Snapshots From Britain

It's easy to take your home town for granted. Although I grew up in London, there are many sights I never visited until I returned as a tourist.

It wasn't until last year that I found out that the Albert Memorial is a ostentatious carbuncle that defiles Hyde Park. And it wasn't until last week that I found Kew Gardens to be a fascinating mixture of grand old Victorian hot houses, modern botanical exhibits, and relaxing garden walks.

Last week was also my first full week with both Ann and my future mother-in-law, Lillian. Even though Lillian is somewhat of an anglophile, this was her first trip to England. Ann and I introduced her to both my parents and Britain's national cuisine: Indian food. We also brought her to the London theater for the Reduced Shakespeare's Company's hilarious comedy "The Complete Works of William Shakespeare (Abridged)."

On the Tuesday evening, my parents hosted an engagement party for me and Ann. An interesting assortment of old and new friends came. For the first time in over 20 years, I met Nigel Burgan, an old friend of mine from Archbishop Tenison's Grammar School. He was as ebullient as ever and in complete contrast to my other old school friend there, the sardonic Chris Green. Present also were Rachel Goldwyn, an old Burma ally, and Rebecca and Derry Korbet-Wootton, both fellow bloggers.

Visiting Parliament Square on Wednesday night, we all found ourselves on the outskirts of a confrontation between the Metropolitan Police and pro-hunting demonstrators staging a sit-down in the street. We were unaware at the time that, just earlier in the day, pro-hunting supporters successfully stormed a debate on the floor of the House In Commons in an extraordinary breach of Parliamentary security. We ended up having a nice chat with hunt supporters without revealing that Ann and I are anti-hunting and virtually vegetarian. We left as the police linked arms and pushed everyone out of Parliament Square.

Before the Shakespeare on Saturday night, we met up with Carol Naylor, my old friend and fellow blogger. As an engagement present, Carol downloaded the picture I posted to my blog of me and Ann after my marriage proposal, cleaned it up in Photoshop, and placed in a frame. It now stands proudly on our mantelpiece at home.

Staying at a hotel in Shoreditch brought home to me how much London has changed.
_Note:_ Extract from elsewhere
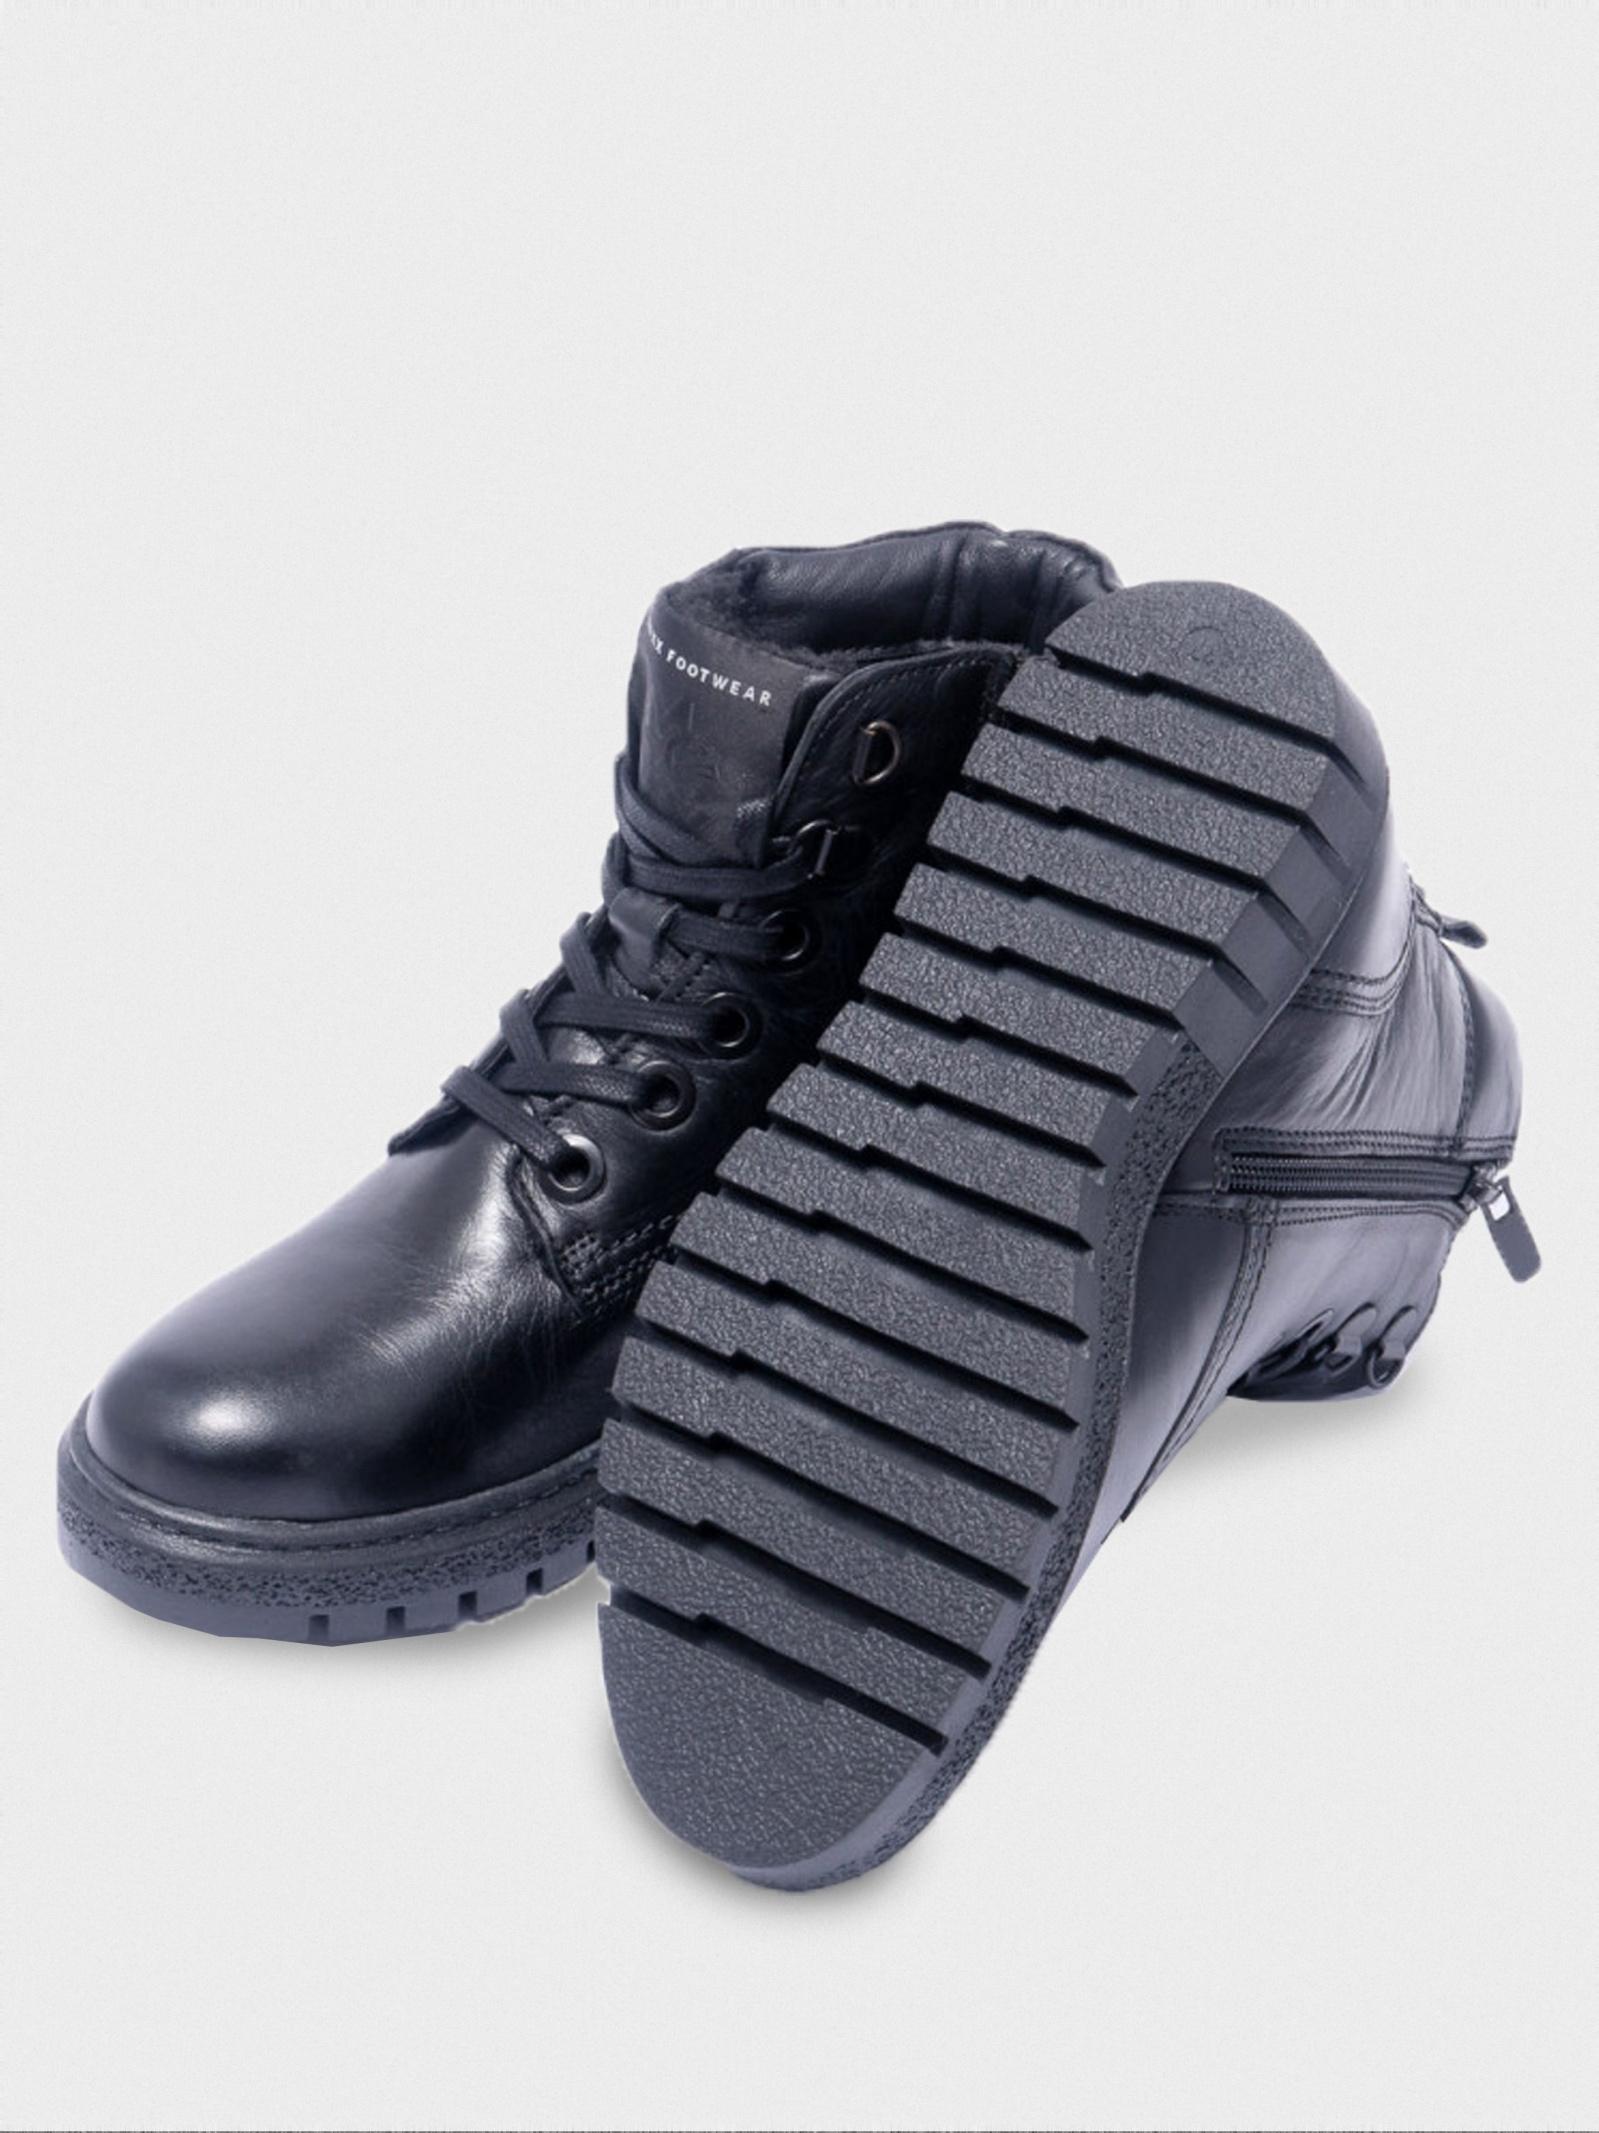 Ботинки женские MEXX 7L70 купить онлайн, 2017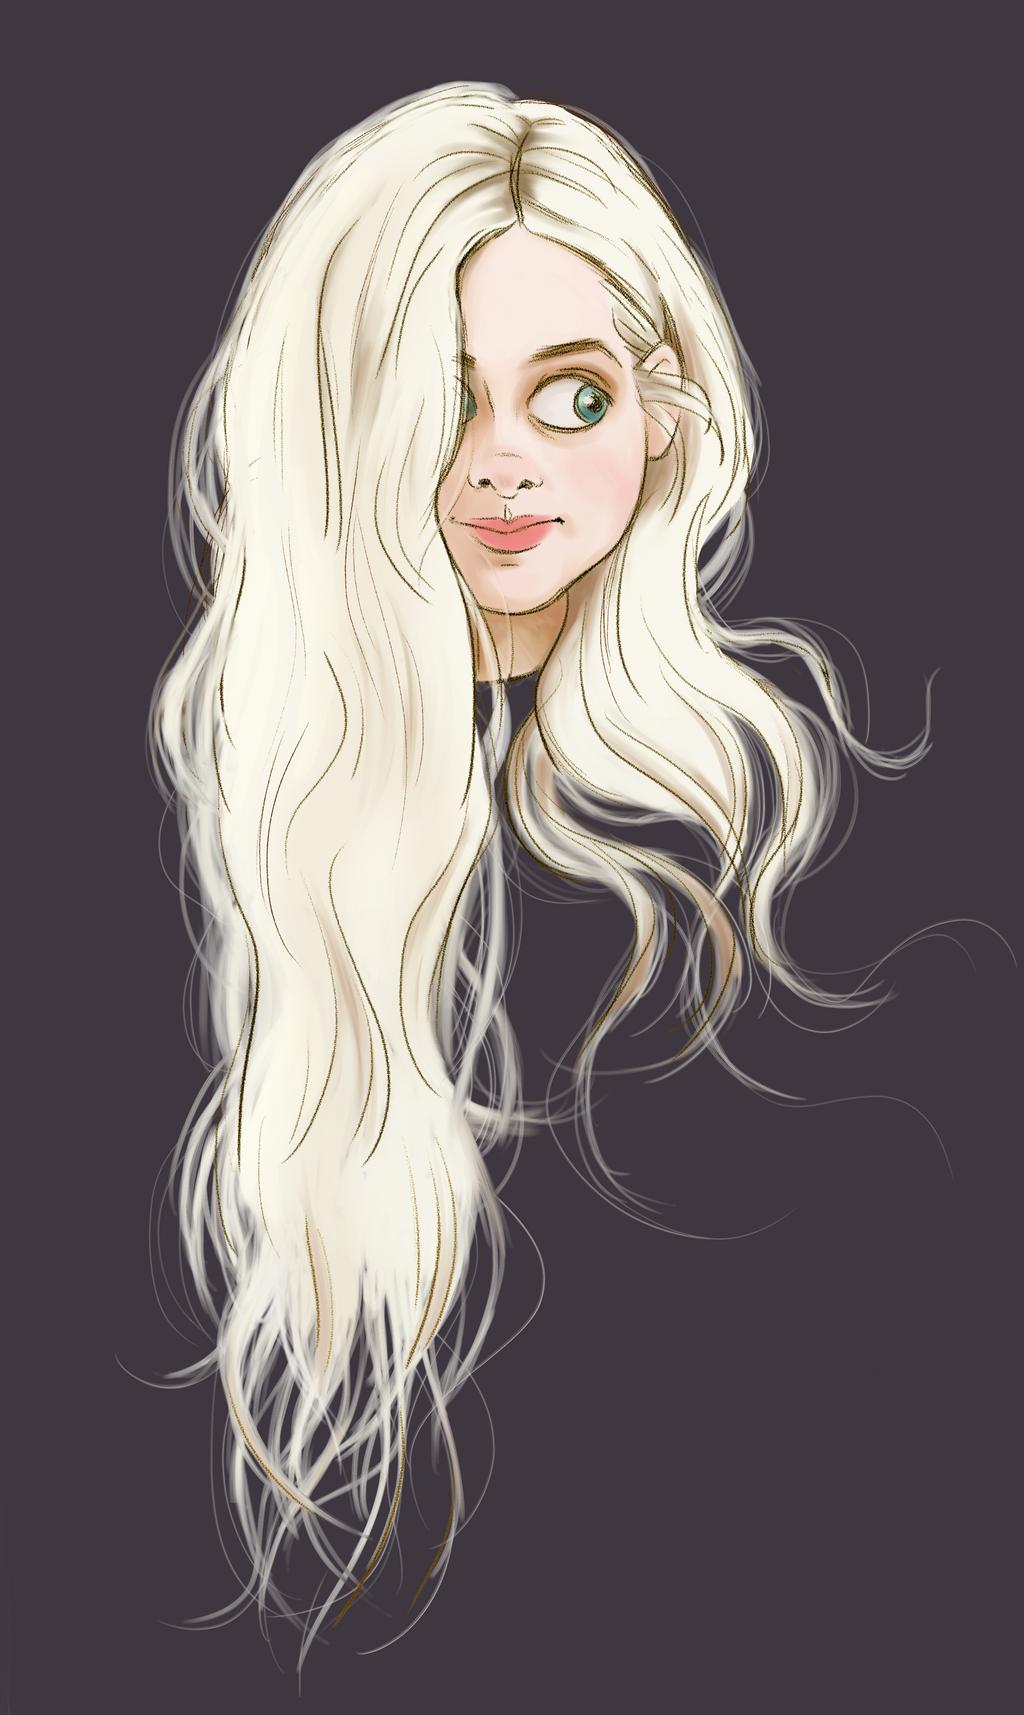 White Hair By DylanBonner On DeviantArt

By day, this old working class district is now a hive of art studios, ethnic restaurants and web companies. By night, it is a teeming crowd of trendy bars and night clubs.

London has greatly changed in the 20 years since I left. After I moved to America in 1985, I found Britain to be by contrast so much more cramped and parochial. But London has changed very much for the better. The food is better and the city continues to modernize itself well. I could see myself happily living in London again if circumstances demanded it.